To make nanoparticles, FAPuLG was dissolved in DMSO and then added dropwise to deionized water. Organic solvent was removed by dialysis method. The average diameter of the formed nanoparticles was consistently <200 nm (Figure 2a, Table 2). Particle sizes of FAPuLG were slightly larger than PuLG, suggesting that the folic acid moiety may increase their average diameter. Furthermore, PuLG and FAPuLG nanoparticles were spherical (Figure 2b). Their sizes were not significantly different from the results of particle size measurement. Since PuLG and FAPuLG are amphiphilic polymers composed of the hydrophilic domain of pullulan and hydrophobic domain of PLGA, formation of nanoparticles occurred by self-aggregation process in the aqueous environment. To study the self-assembly of nanoparticles, fluorescence spectroscopy measured CAC using pyrene as a fluorescence probe. The fluorescence spectra showed a red shift according to the increase of copolymer concentration, indicating that the self-assembly of the copolymer was formed in water, and then, pyrene was preferentially partitioned into the core of the nanoparticles (Figure 3a,c). A flat region and a sigmoid change in the crossover region were observed at low concentrations of copolymer (Figure 3d,f). These crossover regions were known to be the CAC of the copolymer. The CAC of PuLG, FAPuLG-1, and FAPuLG-2 was 0.026 g/l, 0.011 g/l, and 0.01 g/l, respectively. DOX was used as a model anticancer drug. DOX was incorporated into the PuLG and FAPuLG nanoparticles. The results are summarized in Table 2. When DOX was incorporated into the nanoparticles, sizes were increased significantly compared to empty nanoparticles. The drug release kinetics was shown in Figure 4. The drug release rate was relatively fast until 36 h, after which release was continuous. The nanoparticles having larger diameter and higher drug contents induced a slower release rate of drugs.
Figure 2

Typical particle size (a) and TEM image (b) of FAPuLG-1 nanoparticles.

Table 2

Characterization of FAPuLG nanoparticles

 

CAC (g/l)

Average diameter (intensity, nm)

Drug contents (%, w / w )

Theoretical

Experimental

Empty nanoparticles

 PuLG

0.026

87

  

 FAPuLG-1

0.011

94.4

  

 FAPuLG-2

0.01

116.8

  

DOX-loaded nanoparticles

 PuLG

 

123.1

20

6.8

 FAPuLG-1

 

168.1

20

7.2

 FAPuLG-2

 

173.1

20

7.4

Figure 3

Fluorence excitation and plots of intensity ratios. Fluorescence excitation of pyrene (6.0 × 10 − 7 M) vs. the concentration of PuLG (a), FAPuLG-1 (b), and FAPuLG-2 (c) nanoparticles in distilled water (λem = 390 nm). Plots of the intensity ratios, I338/I335, from the pyrene excitation spectra vs. log c of the PuLG (d), FAPuLG-1 (e), and FAPuLG-2 (f) nanoparticles in distilled water. Each point was derived from the fluorescence spectra curve. The arrows indicate the signal changes in the crossover region.

Figure 4

DOX release from PuLG and FA-PuLG nanoparticles.
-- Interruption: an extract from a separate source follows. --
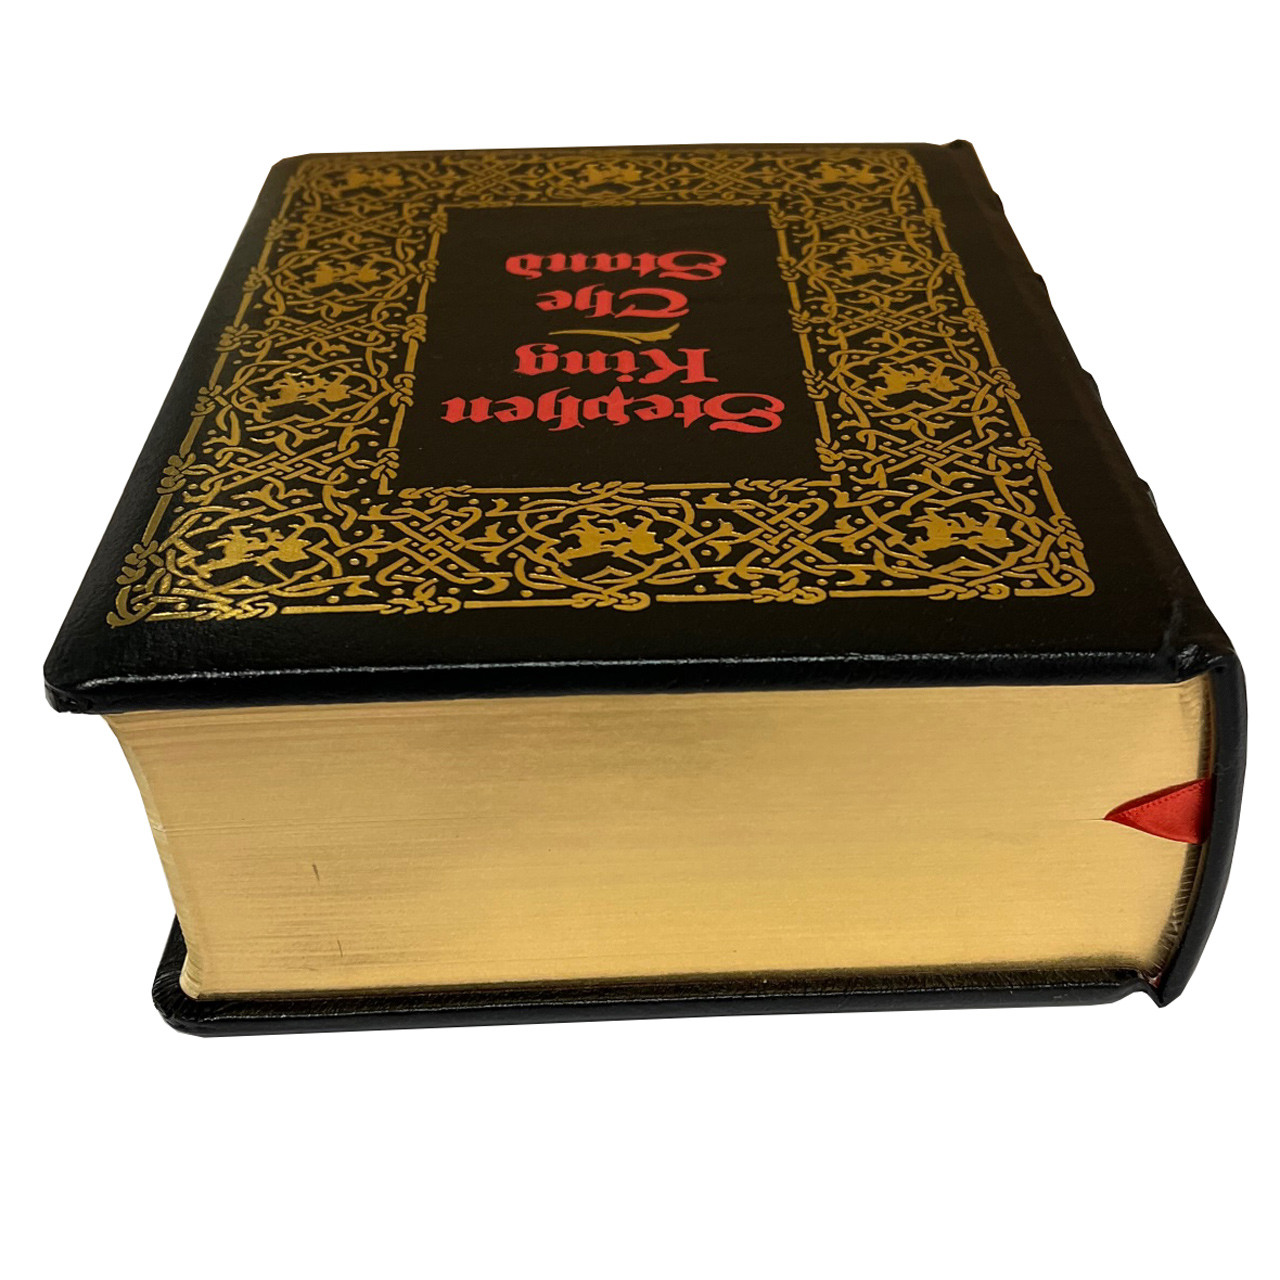 Stephen King "The Stand: The Complete and Uncut Edition" Signed Limited First Edition, Deluxe Leather Bound "Coffin" Bible No. 598 of 1,250 [New in Box]

Folate-receptor-mediated endocytosis and targeting of FAPuLG nanoparticles

To test receptor-mediated delivery of drugs, DOX was used as a model drug because it has strong red fluorescence and can be used instead of a fluorescence marker. DOX-incorporated FAPuLG nanoparticles were studied using KB cells. Representative fluorescence images and flow cytometry results are depicted in Figure 5a,b, respectively. KB cells revealed strong red color when DOX or DOX-incorporated FAPuLG nanoparticles were treated, indicating that DOX or DOX-incorporated FAPuLG nanoparticles were entered into the tumor cells (Figure 5a). However, red fluorescence was decreased significantly when the folate receptor was blocked by pre-treatment with folic acid. These results indicated that nanoparticles of FAPuLG nanoparticles entered into the cells through folate-receptor-mediated endocytosis. Flow cytometry analysis also supported these results (Figure 5b), indicating that fluorescence intensity of KB cells was increased when DOX or DOX-incorporated nanoparticles were treated. Fluorescence intensity was decreased by the blocking of the folate receptor. Cell viability was checked to test receptor-mediated delivery of drug, and then, nanoparticles can selectively kill the tumor cells (Figure 6). Cell viability of FAPuLG nanoparticle treatment did not differ with the DOX values. However, viability of cell populations treated with FAPuLG nanoparticles increased when the folate receptor was blocked with folic acid. However, cell viability with DOX treatment was not significantly changed by blocking of folate receptor. These results indicated that FAPuLG nanoparticles can target the folate receptor of KB cells and selectively kill tumor cells.
Figure 5

Confocal laser scanning microscope images (a) and flow cytometric analysis (b). KB cells were treated with DOX or FAPuLG-2 nanoparticles. For blocking of the folate receptor of tumor cells, folic acid was pre-treated 1 h before drug or nanoparticle treatment.

Figure 6

Cytotoxicity of DOX-incorporated FAPuLG nanoparticles against KB cells (*, ** =p< 0.05). KB cells were pre-treated with folic acid 1 h before drug treatment, and then, cells were exposed to 50 μg/ml of DOX or nanoparticles for 4 h. Twenty-four hours later, viable cells were determined using the MTT assay.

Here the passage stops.